There is an article published on financialpost.com dated 29/09/2016. I think it is worth to read.
Basically it argues that Australia is “having its central bank backed into a corner, forced to warn about the dangers of high debt and hot housing markets, while powerless to change interest rates as a commodity bust weighs on the economy.” Economists at Bank of America Merrill Lynch believe that Australia is heading for “an unwinding.” They blame the complicated situation on the crash in oil and metal prices, and a surge of money into real estate.
Bank of America Merrill Lynch lays out three scenarios for how the current housing boom will play out in Australia. They describe each scenario as “bad, worse and worst,” as all require a somewhat painful unwinding of the record debts accumulated by households.

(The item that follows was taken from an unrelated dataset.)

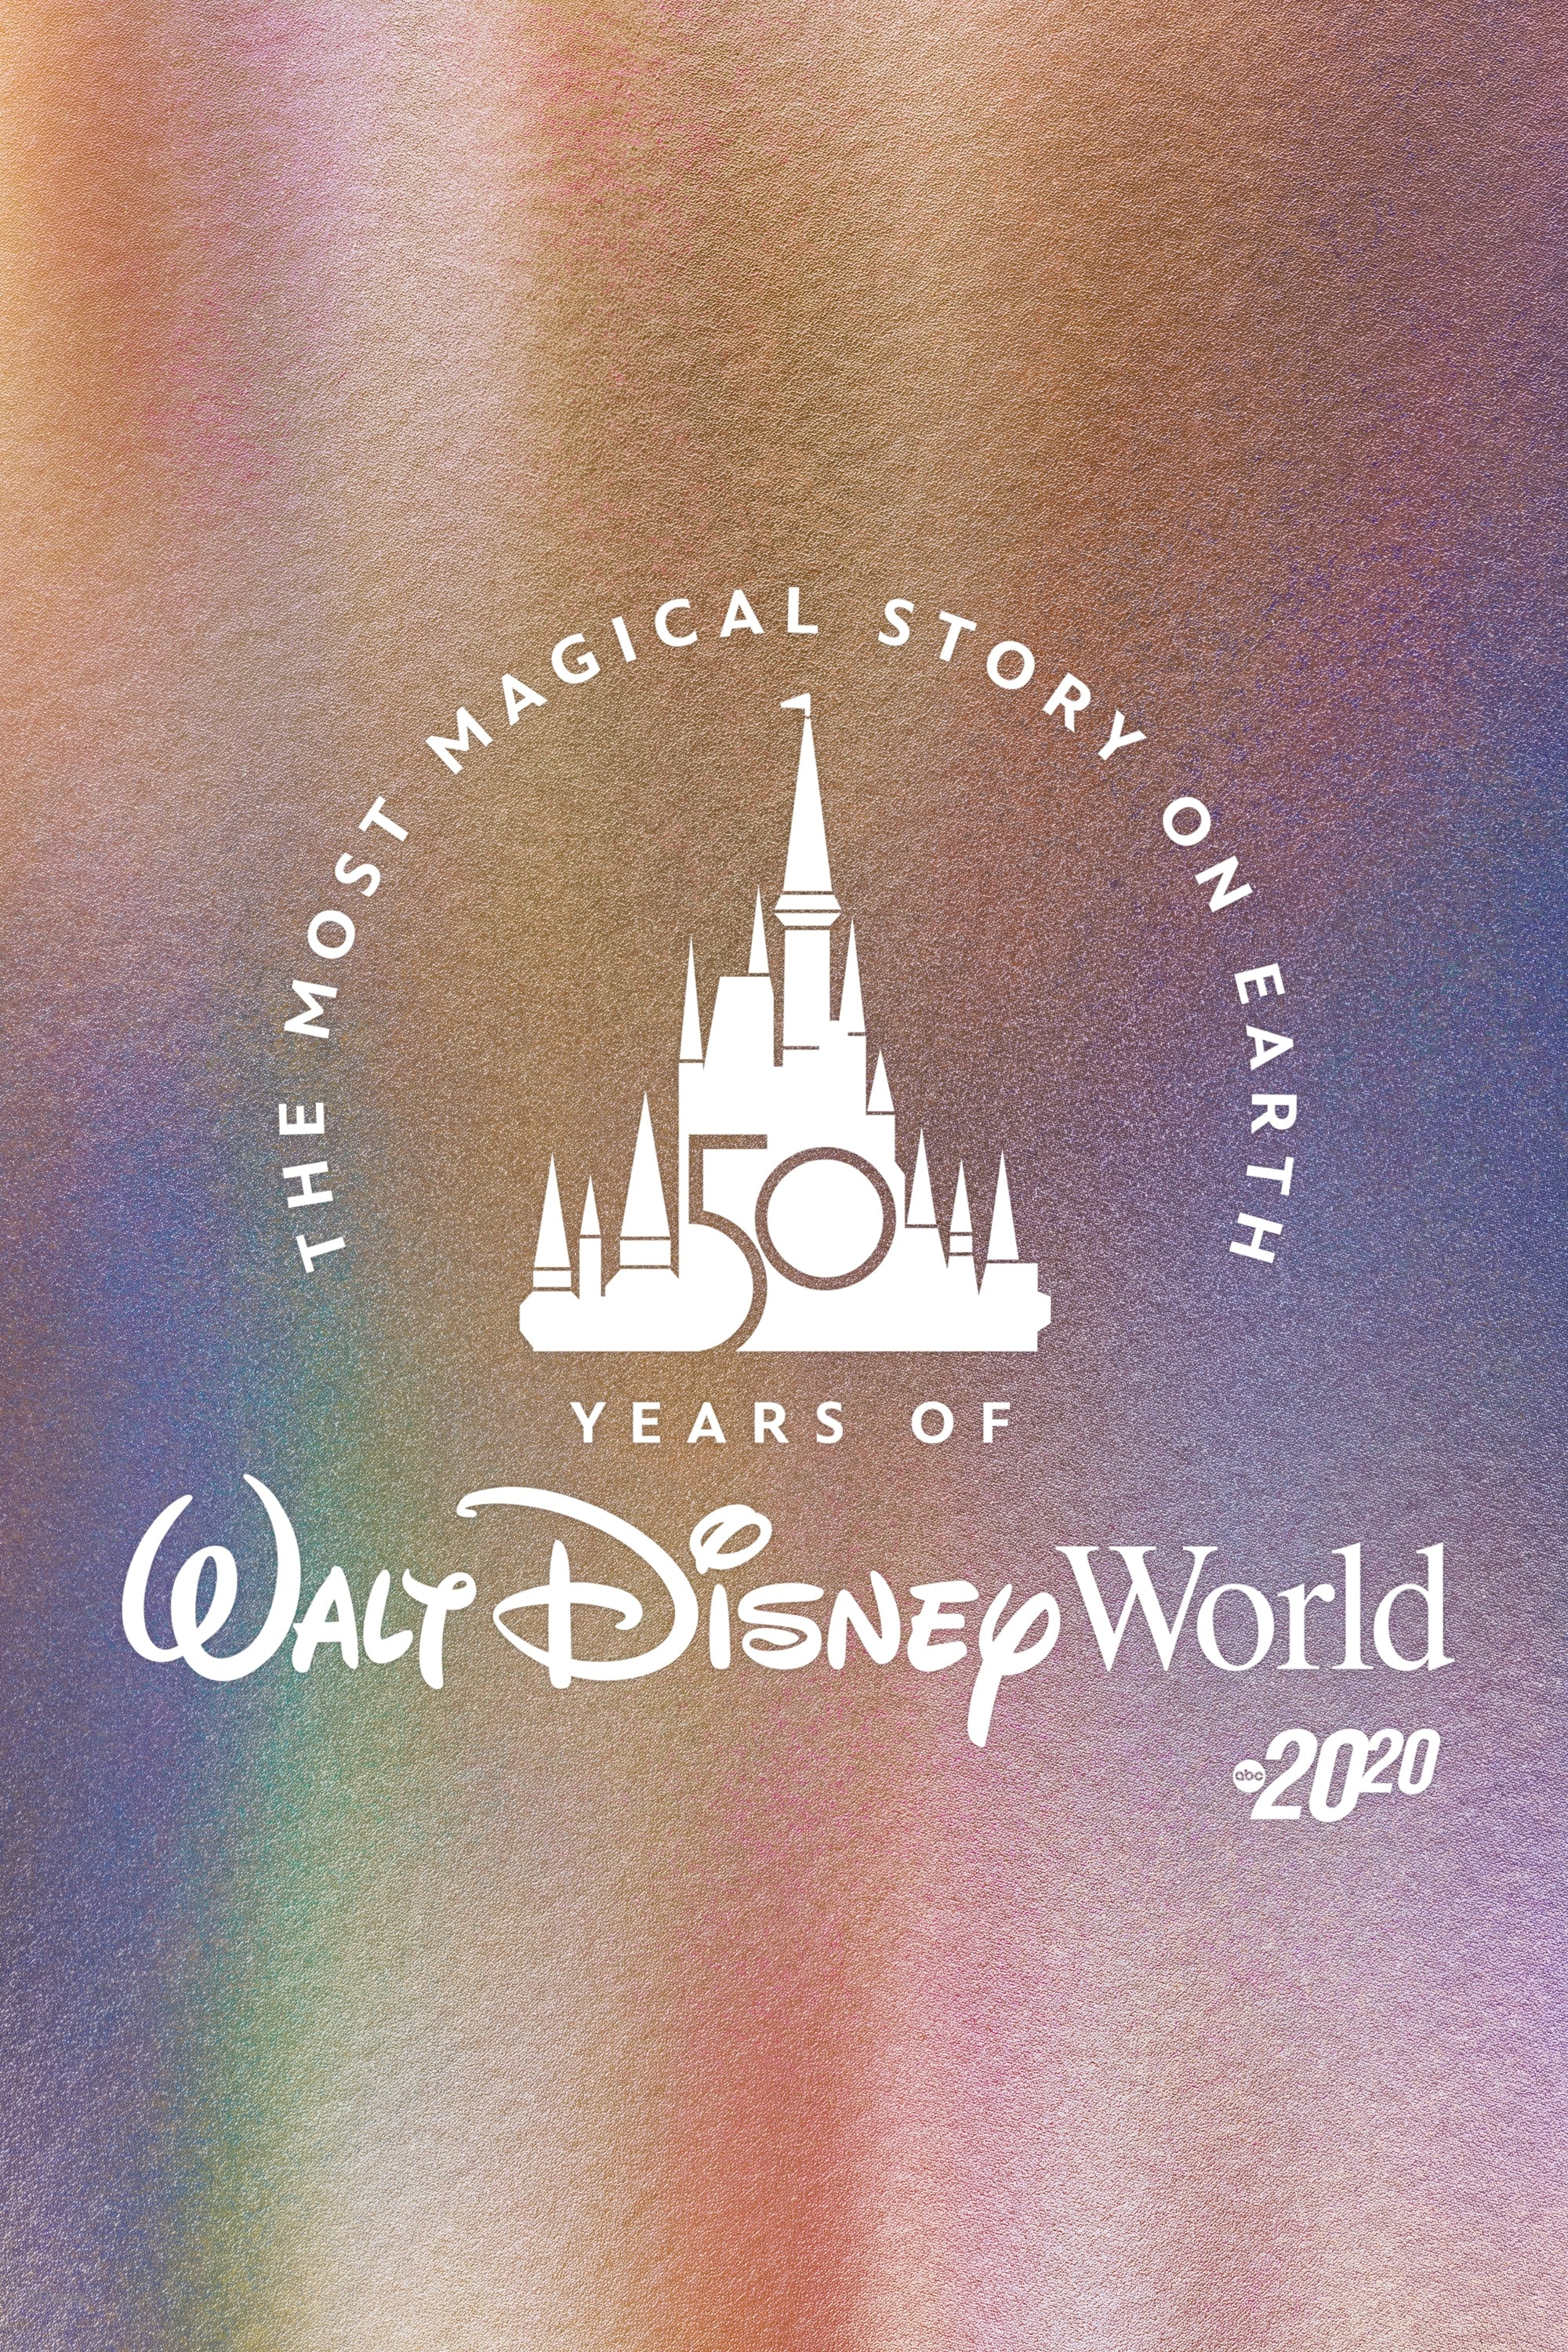 The Most Magical Story on Earth: 50 Years of Walt Disney World (2021)

The Baseline “Bad” Scenario
The baseline scenario involves a successful implementation of mortgage and housing policies, which avoids a housing crash, but household debt balances remain high. In this scenario, the Australia central bank maintains easy monetary policies. It doesn’t solve the debt problem which is of particular concern in Australia. Essentially, the status quo remains in the baseline scenario, with some easing of sales and prices.
The “Worse” Scenario
The “worse” scenario involves an overly aggressive tightening of policy, which leads to a sharp curtailing of demand, falling prices and sales. While domestic home buyers get cheaper houses, this scenario removes a significant amount of growth from each economy and forces the central bank to ease further.
Australia is particularly at risk in this scenario, because a huge amount of new supply is scheduled to come online next year in cities such as Sydney, and data shows that foreign buyers account for more than seven per cent of purchases — and growing.
The “Worst” Scenario
The “worst” scenario is one where Australia government is too timid on action, allowing the current real estate bubble to grow even larger. When government is eventually forced to act because of financial stability risks and populist pushes against growing unaffordability, the result is a much more serious price correction and potential housing crash.
No Happy Ending
Ultimately, BofAML says there is “no happy ending” for the current situation. The hope is that government and central bank at least make the right choices to tackle the problem sooner rather than later, and with the right tools.